觀察六:誘惑者傾向於向大人物、有權勢與影響力的人獻殷勤,以便獲得他們的傾聽與支持,進而利用他們來對抗真理。由於真理不在他們那邊,他們便使用更多的詭計;正如常春藤無法獨自支撐,便纏繞著橡樹,直到吸乾它的心。神的使者傳道則更為公開,且帶著單純的坦率;參看哥林多後書一章 12 節。那些卑躬屈膝的寄生蟲只會招致對自己的懷疑。神的事業必然能站立得住,不需要這種卑劣手段的支撐。

問:難道為了善道的利益,運用一些審慎手段並向大人物獻殷勤是不合法的嗎?

答:在此事上過於焦慮,說明對神的護理缺乏信心,並會使我們想要維護的道路受到懷疑:如果人們吹得太用力,那東西就不會是什麼易燃物。我們可以在神護理的公平道路上接受恩惠:「眾人都求掌權者的情面,但人的判斷乃出於耶和華」;凡能透過誠實、公開且合法的手段獲得的,例如謙卑的陳情,以及真理本身的磁力與維護者聖潔的品格,都是可以尋求的。
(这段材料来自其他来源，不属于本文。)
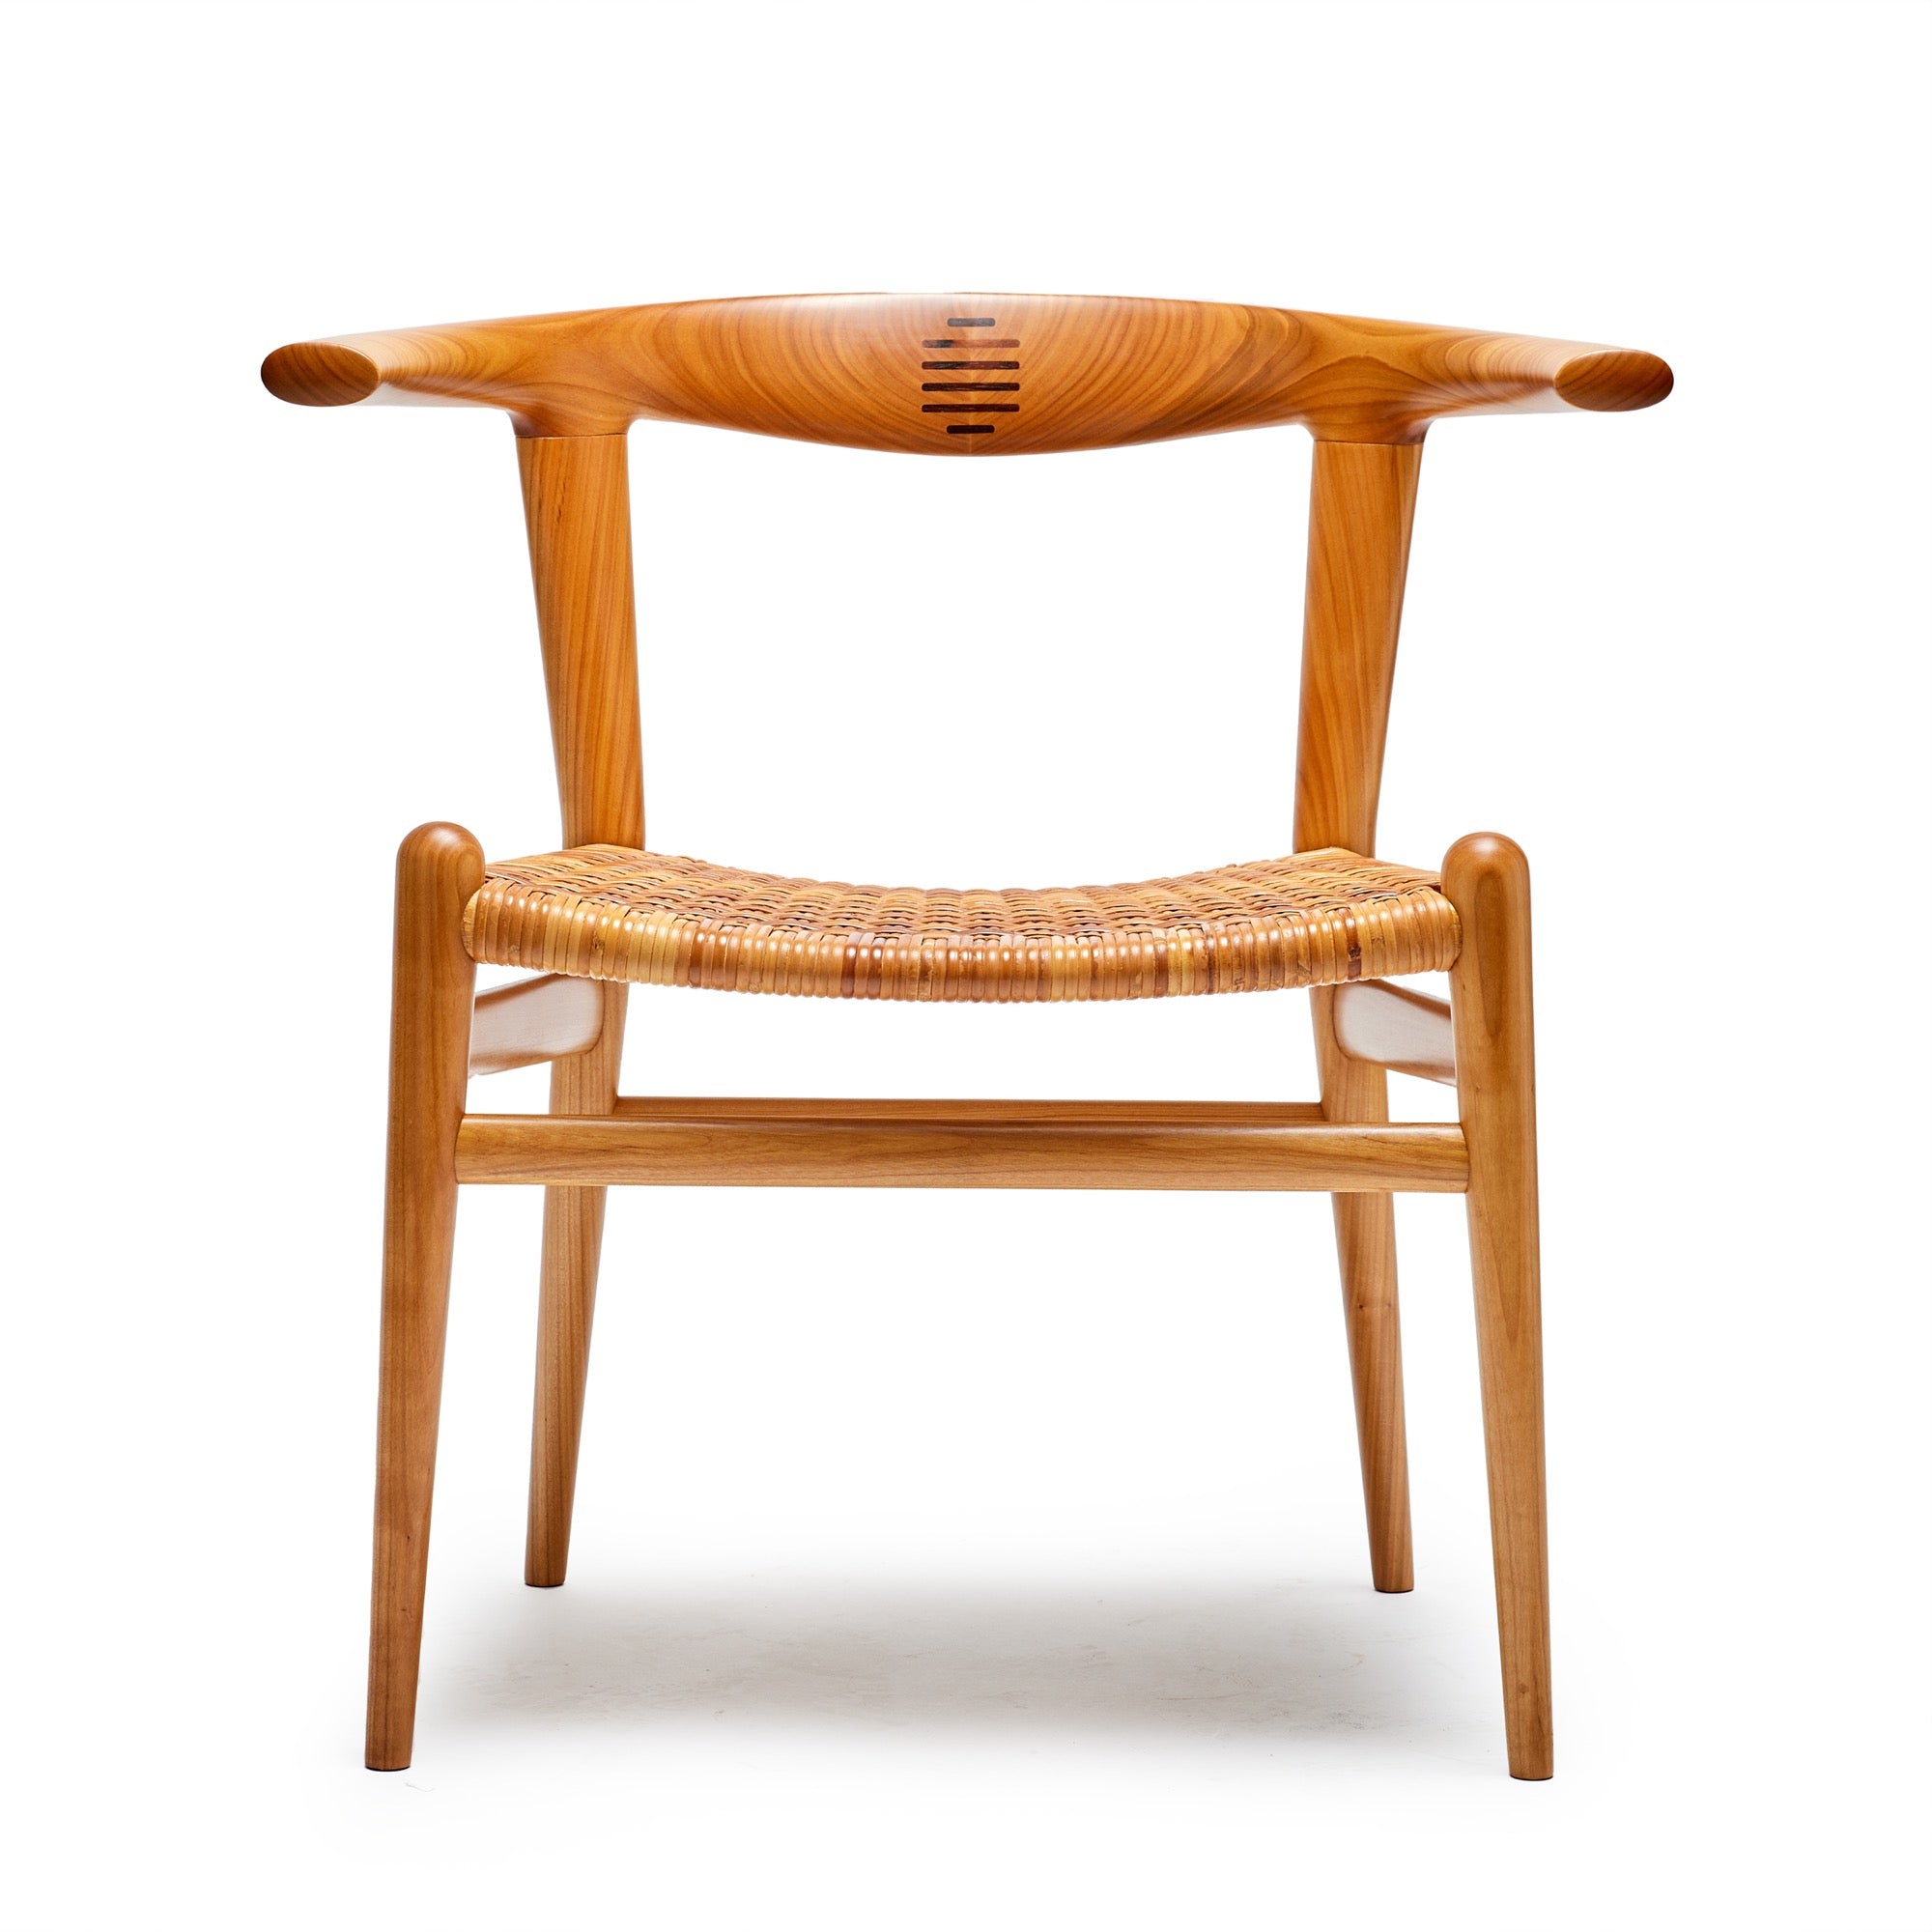 Cherry "Bullhorn" Dining Chair by Hans J. Wegner for PP Mobler, 1955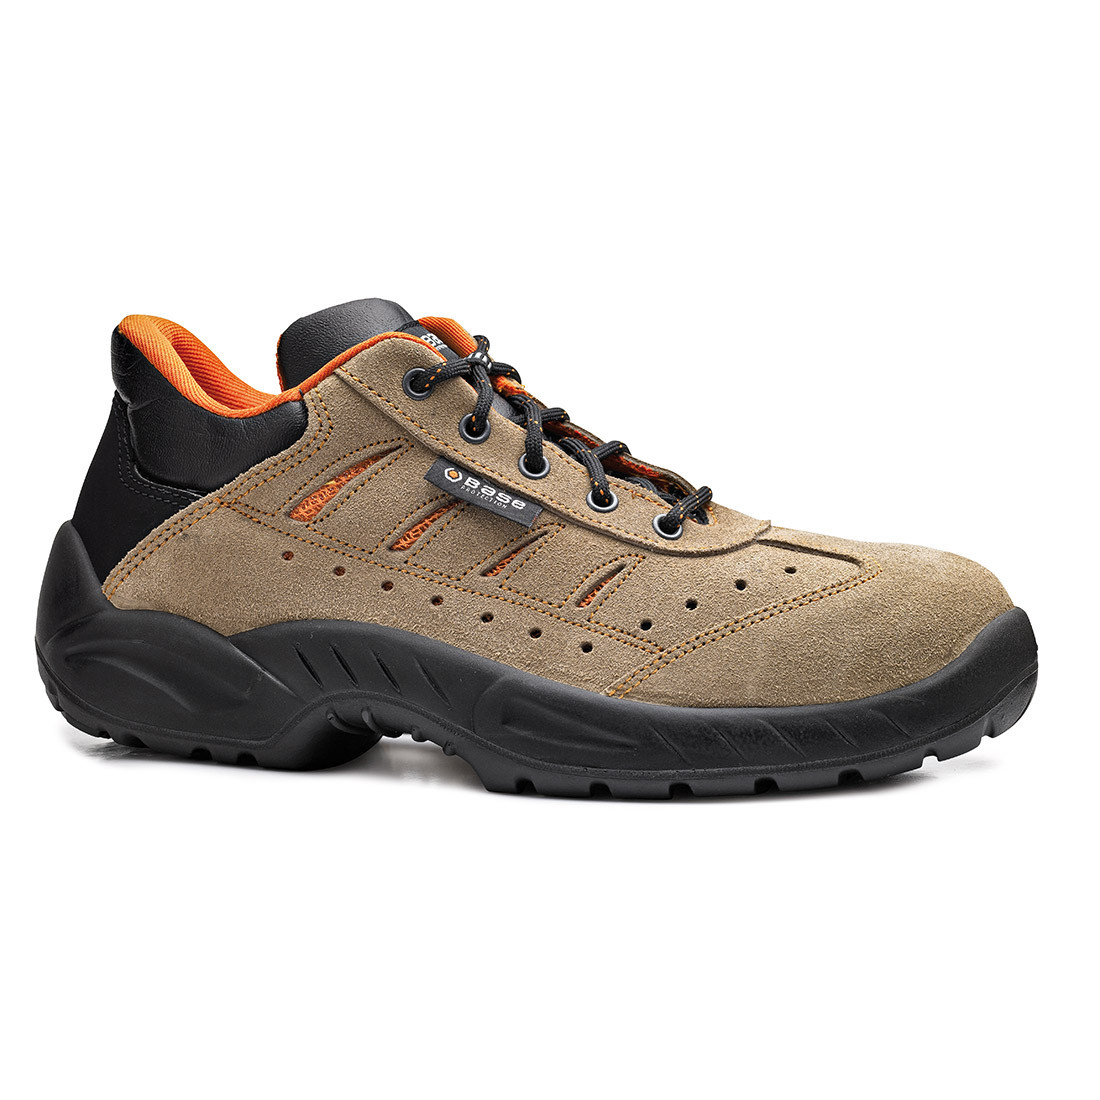 Pantofi Paddington S1P SRC - Incaltaminte de protectie | Bocanci, Pantofi, Sandale, Cizme

使徒們就是這樣對待統治者與大人物,以贏得他們對基督教的尊重,從而能減少偏見地將真理傳給百姓(使徒行傳十八章 8 節,十九章 31 節)。「亞細亞的幾位首領」曾是保羅的朋友。然而,當這種尊重必須透過暗中且不誠實的手段才能獲得,且若不諂媚他們的罪惡、不順從他們的私慾與肉體計畫就無法維持時,人們便扭曲自己的良心,將討好他人作為自己的事業,為了達成目的而踐踏一切所謂的正義與誠實,並高舉那些若非地位崇高他們本會藐視的人,這就是「為得利益,諂媚奉承人」。

觀察七:宗教上走錯路的人,通常會崇拜自己黨派的人,勝過其他有公認價值與誠實的人。這是其含義的一部分。他們將自己黨派的所有人都視為諾斯底派,即「有知識的人」;彷彿其他人,無論多麼被神所認可,身上帶有恩賜與恩典的印記,都無法與他們相比。這是所有宗派主義者的本性:特土良(Tertullian)說:「在那裡,僅僅是他們的一員就足以獲得功德。」